Deputy religious affairs minister Eli Ben-Dahan of far-right Jewish Home party said his ministry was seeking legal ways to enable Jews to pray at the site, which is in Israeli-annexed east Jerusalem but administered by Muslim religious authorities.
Ben-Dahan, himself a rabbi, said they had approached the chief rabbinate, which is opposed to Jewish prayer on the Temple Mount, but had not yet received an answer.
He stressed that "if anyone expects me to go contrary to the stance of the chief rabbis of Israel — that won't happen."
Arab MPs warned that enabling Jewish prayer on the compound would spark "a third intifada," or Palestinian uprising.
Committee chairman Miri Regev of the right-wing Likud ruling party argued that Jews should be allowed freedom of religion to pray wherever they choose.
"We cannot have a situation in which a state cannot realise its sovereignty and people can't pray at sites holy to them," she said.
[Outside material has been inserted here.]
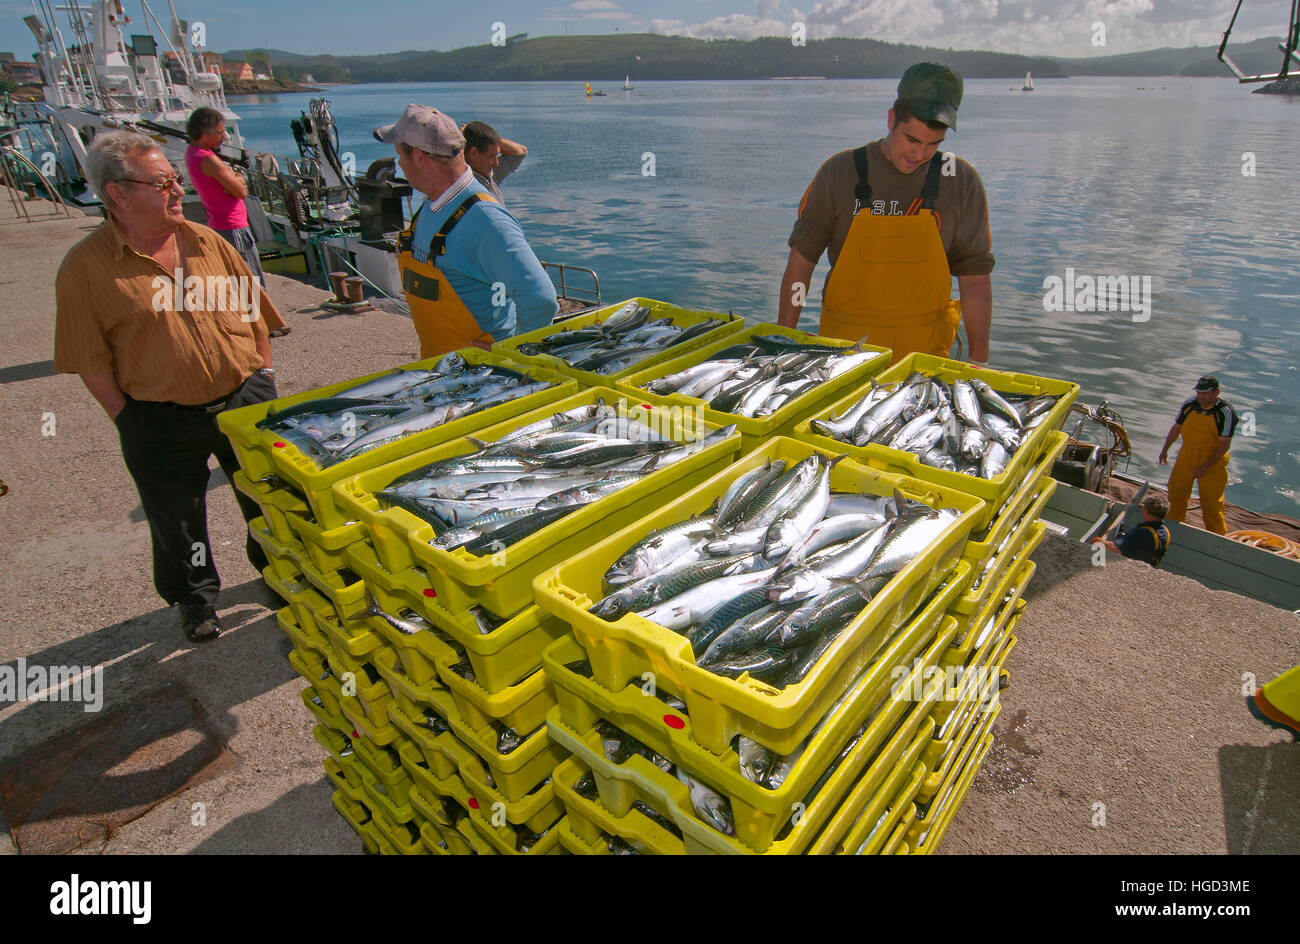 Fishing boat unloading the boxes of fish, Mackerel boxes, Camarinas, La Coruna province, Region of Galicia, Spain, Europe Stock Photo

Regev stressed that "we don't want to go into Al Aqsa or prevent you (Muslims) from praying there, but want to enable Jews to pray on the compound as well."
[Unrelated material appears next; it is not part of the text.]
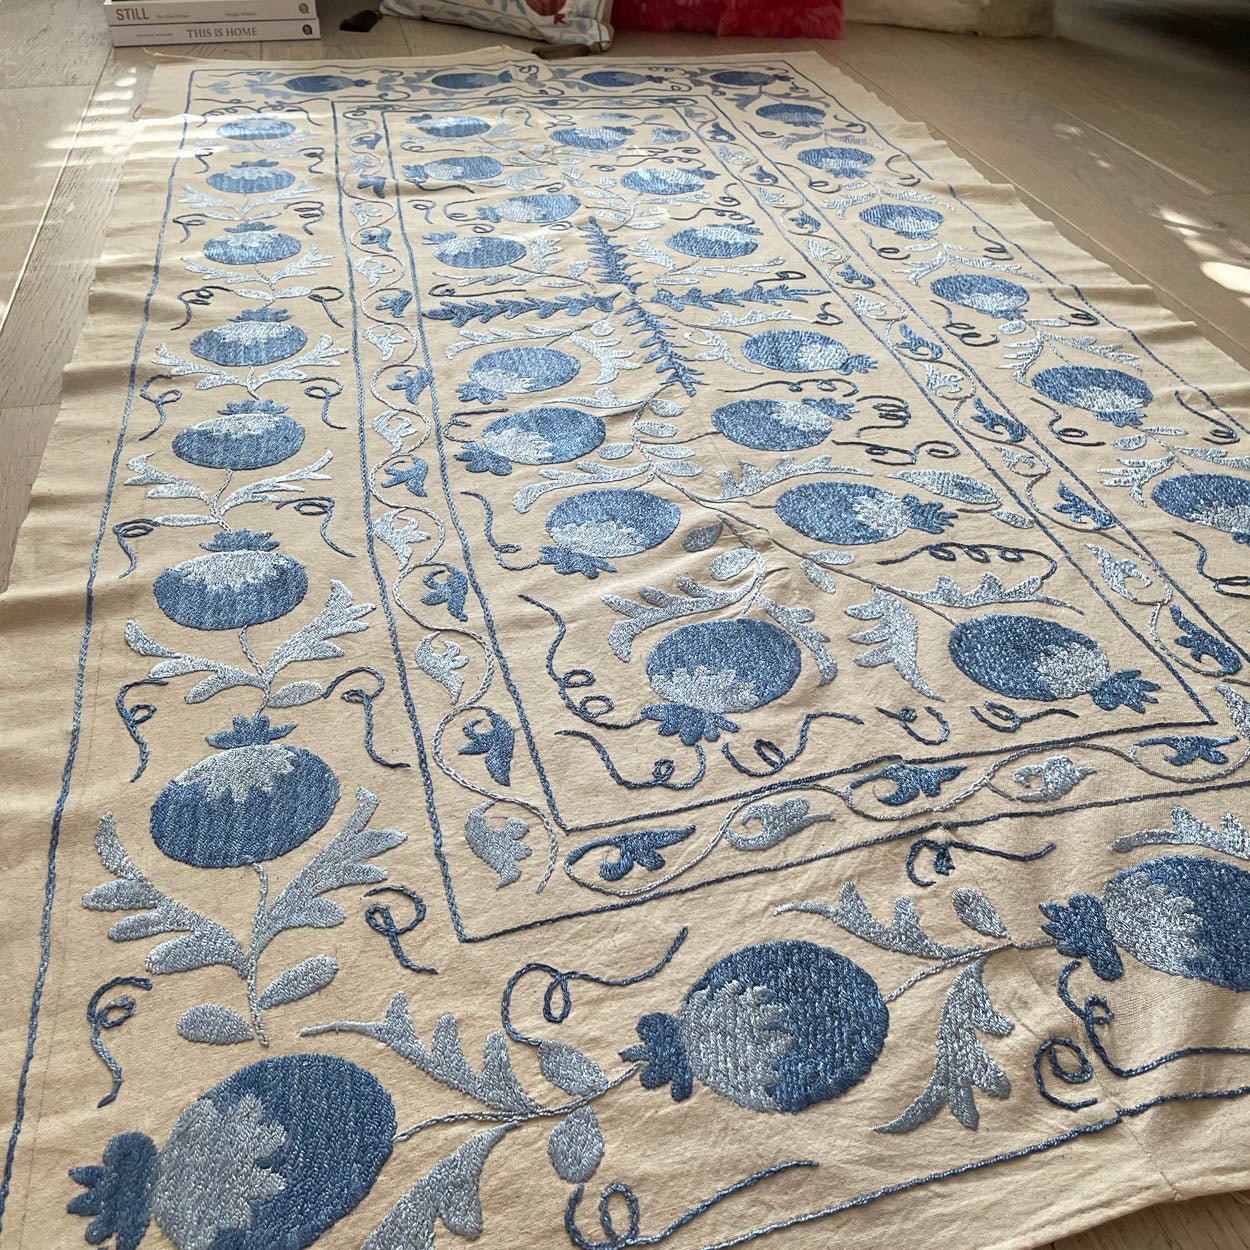 Uzbeki Suzani Hand Embroidered Textile Wall Hanging | Home Décor | Runner | 95cm x 180cm SUZ220518008 - Wildash London

She called threats of a third intifada "irresponsible."
Regev noted that officials were discussing the topic in a committee closed to the public due to its sensitive nature.
The compound, which once housed the Jewish temples, is the holiest site to Jews and the third holiest in Islam. Clashes frequently break out there between Palestinian worshippers and Israeli forces.
Jews now pray at the Western Wall plaza below it.